• DATASET EXTRACT:
::::::::::
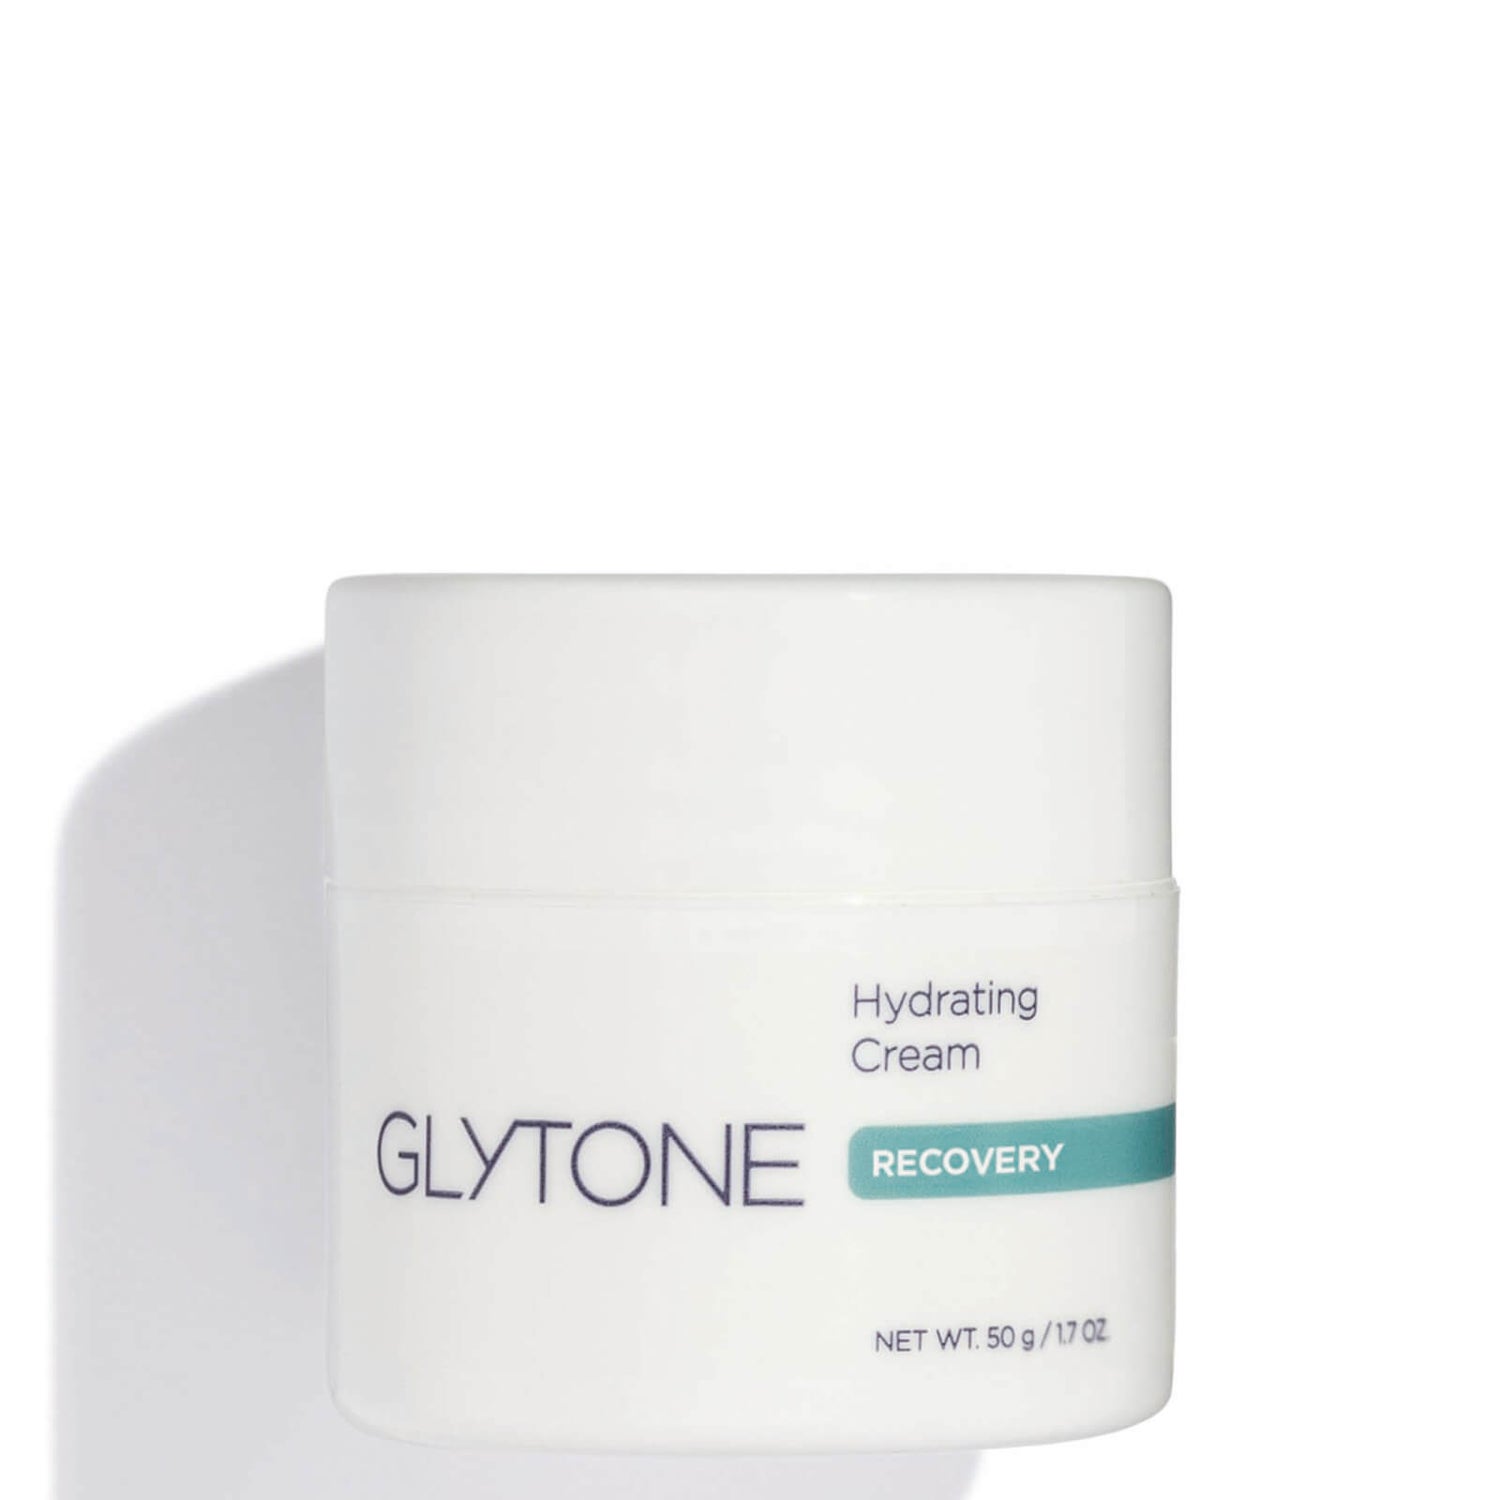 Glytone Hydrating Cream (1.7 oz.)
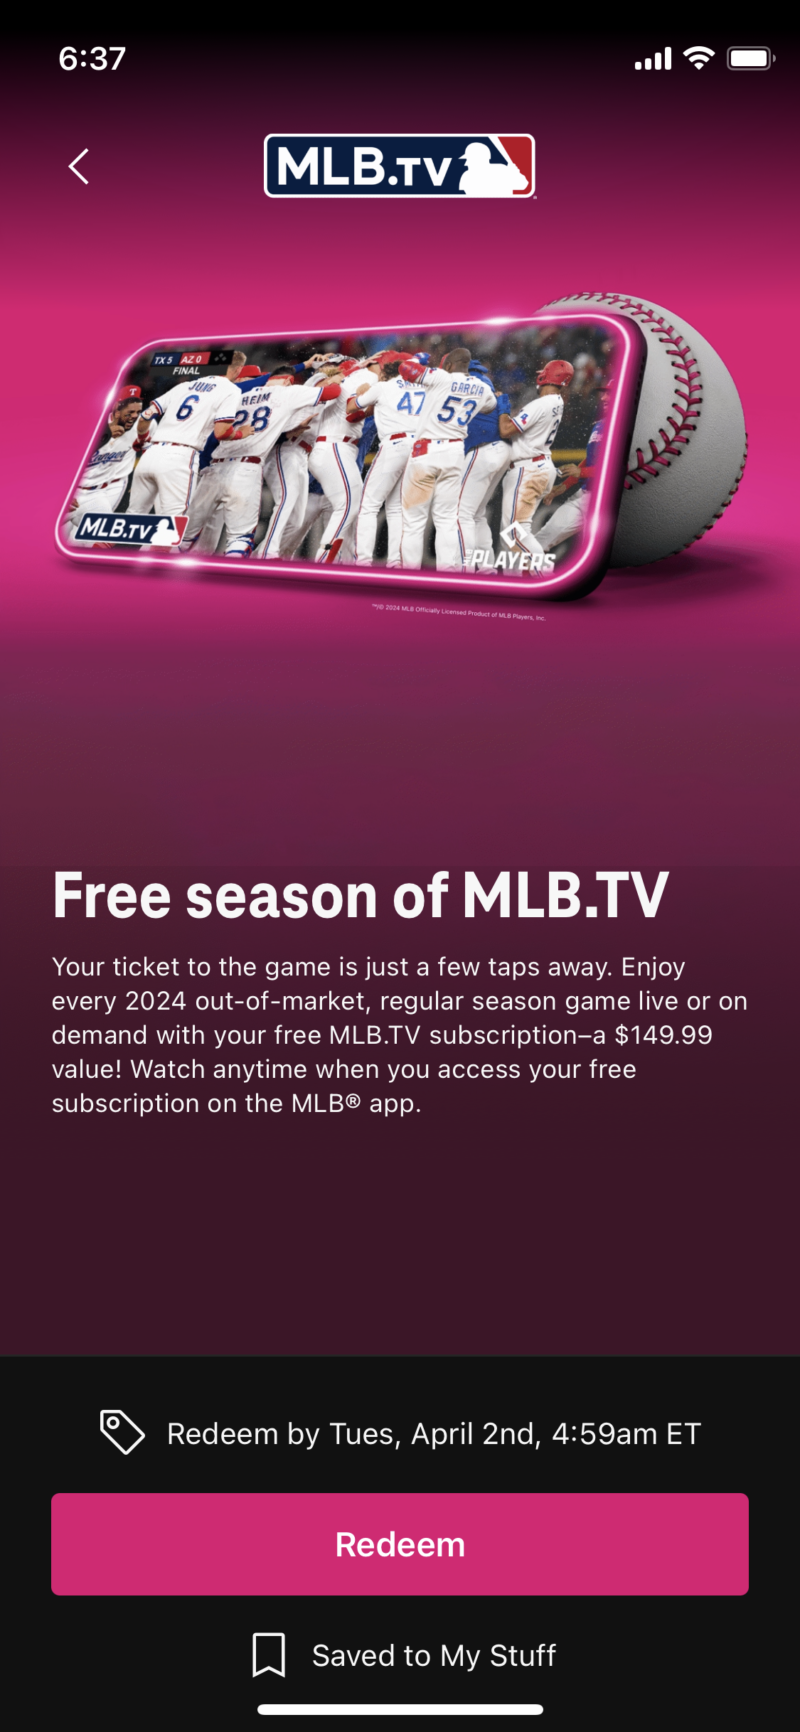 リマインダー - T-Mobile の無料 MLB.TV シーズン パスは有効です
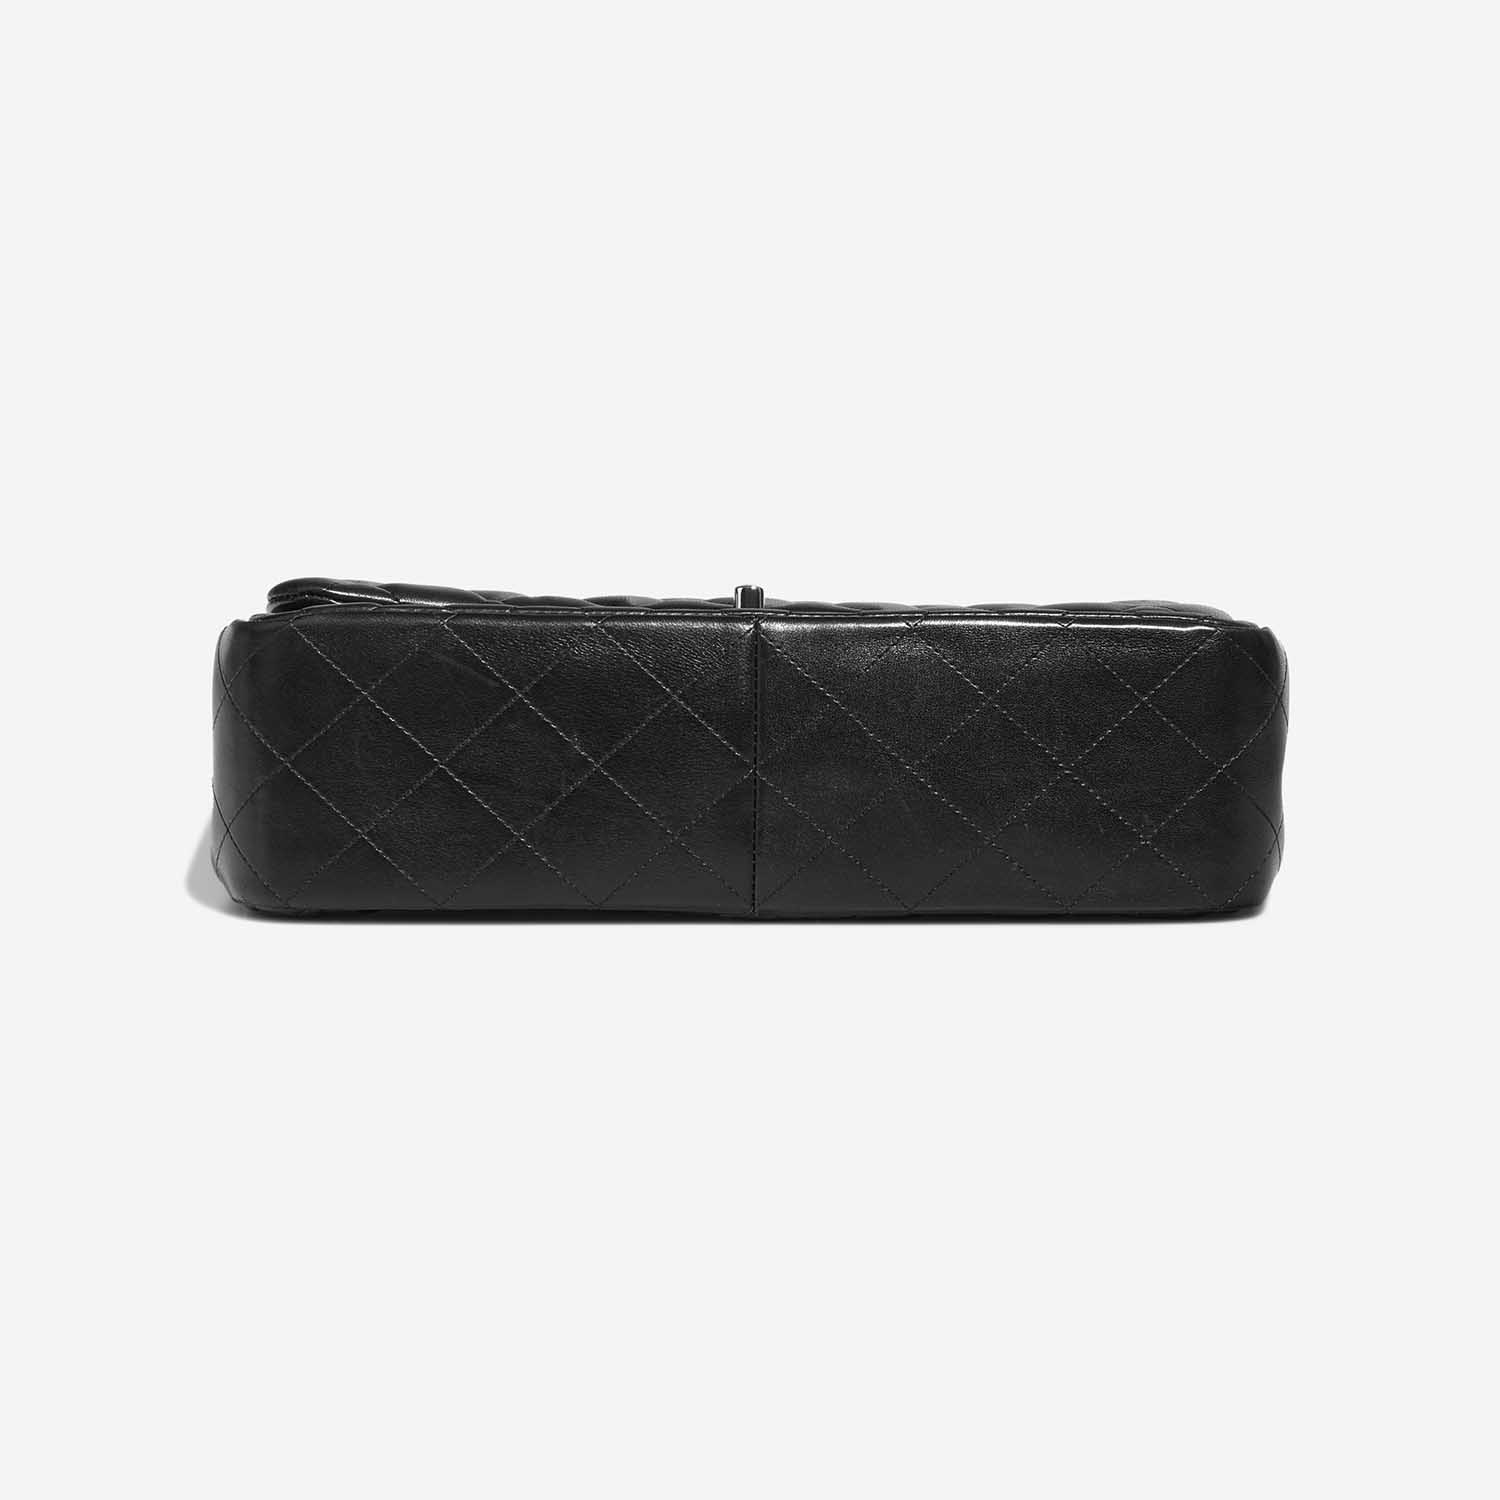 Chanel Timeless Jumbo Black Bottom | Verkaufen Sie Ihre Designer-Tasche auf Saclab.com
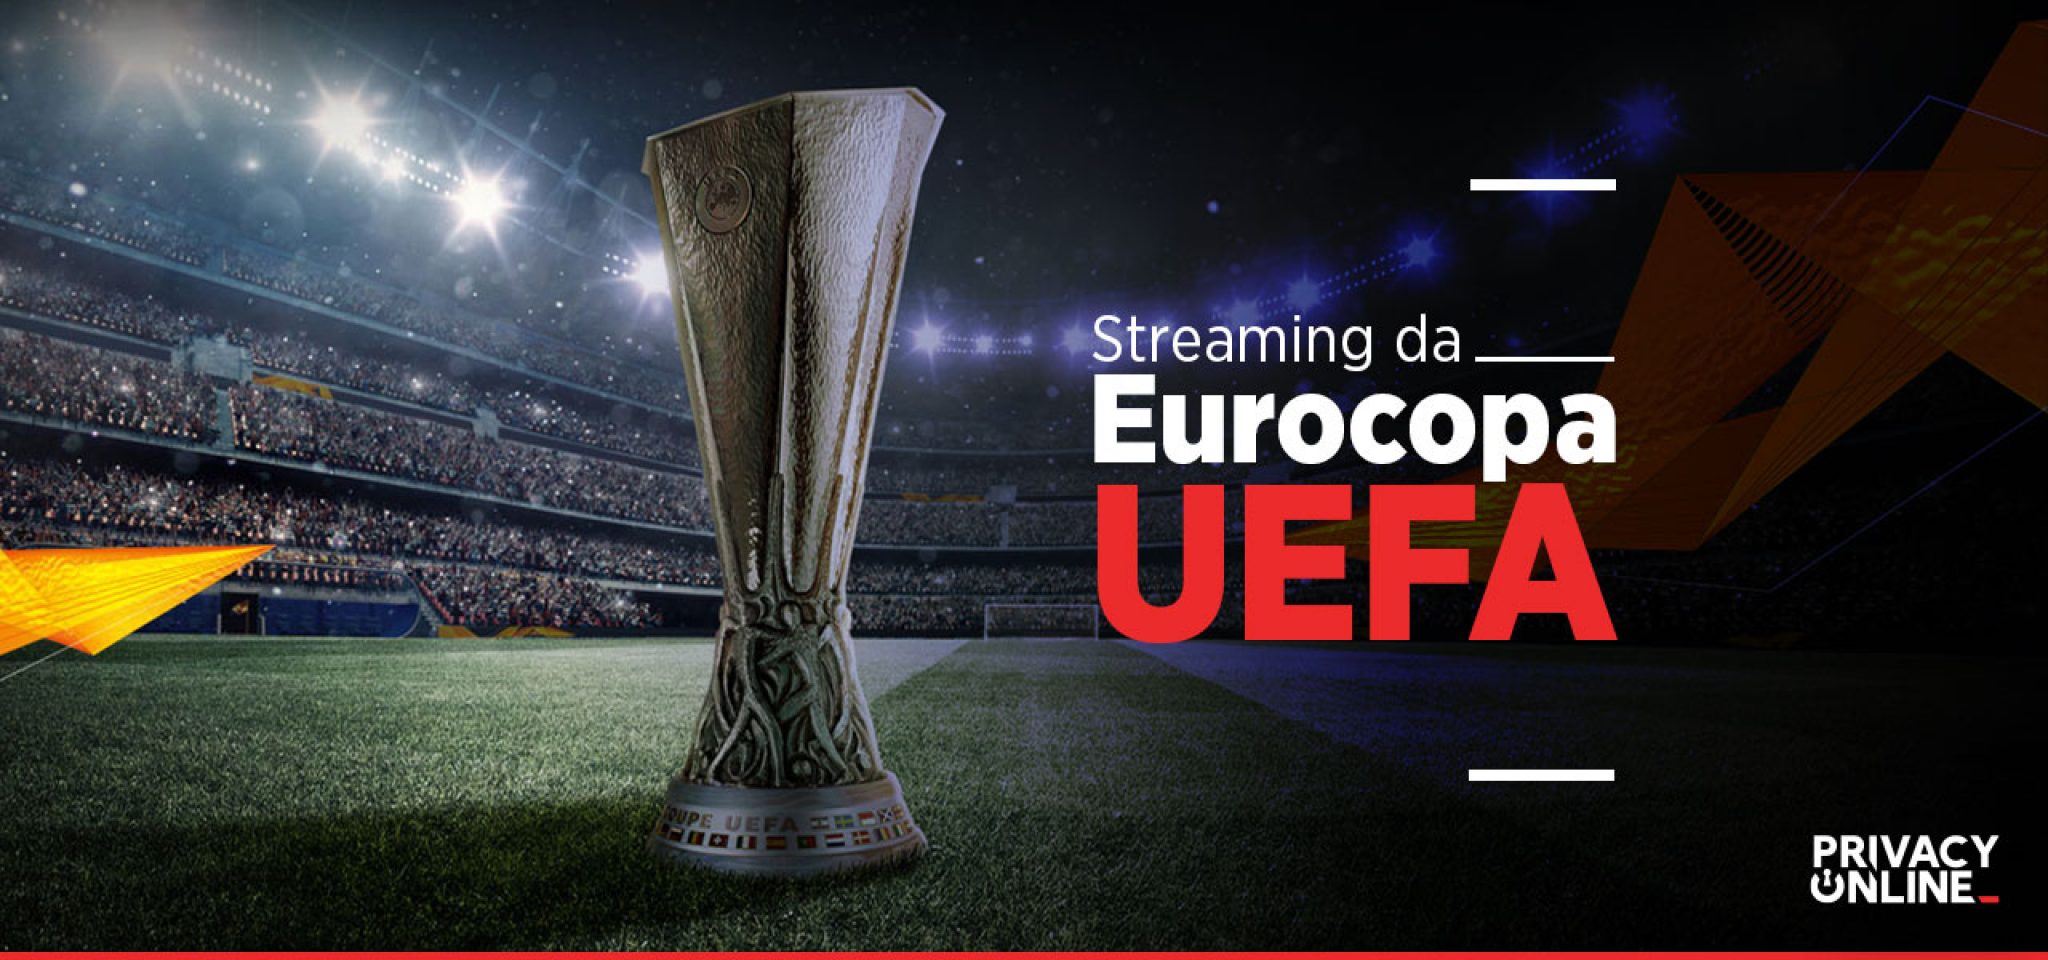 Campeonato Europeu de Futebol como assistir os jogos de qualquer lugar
::::::::::
• EXERCISE: Leave the pictures out and print the whole listing precisely.

• RESPONSE BELOW:
 Glytone Hydrating Cream (1.7 oz.)
 リマインダー - T-Mobile の無料 MLB.TV シーズン パスは有効です
 Chanel Timeless Jumbo Black Bottom | Verkaufen Sie Ihre Designer-Tasche auf Saclab.com
 Campeonato Europeu de Futebol como assistir os jogos de qualquer lugar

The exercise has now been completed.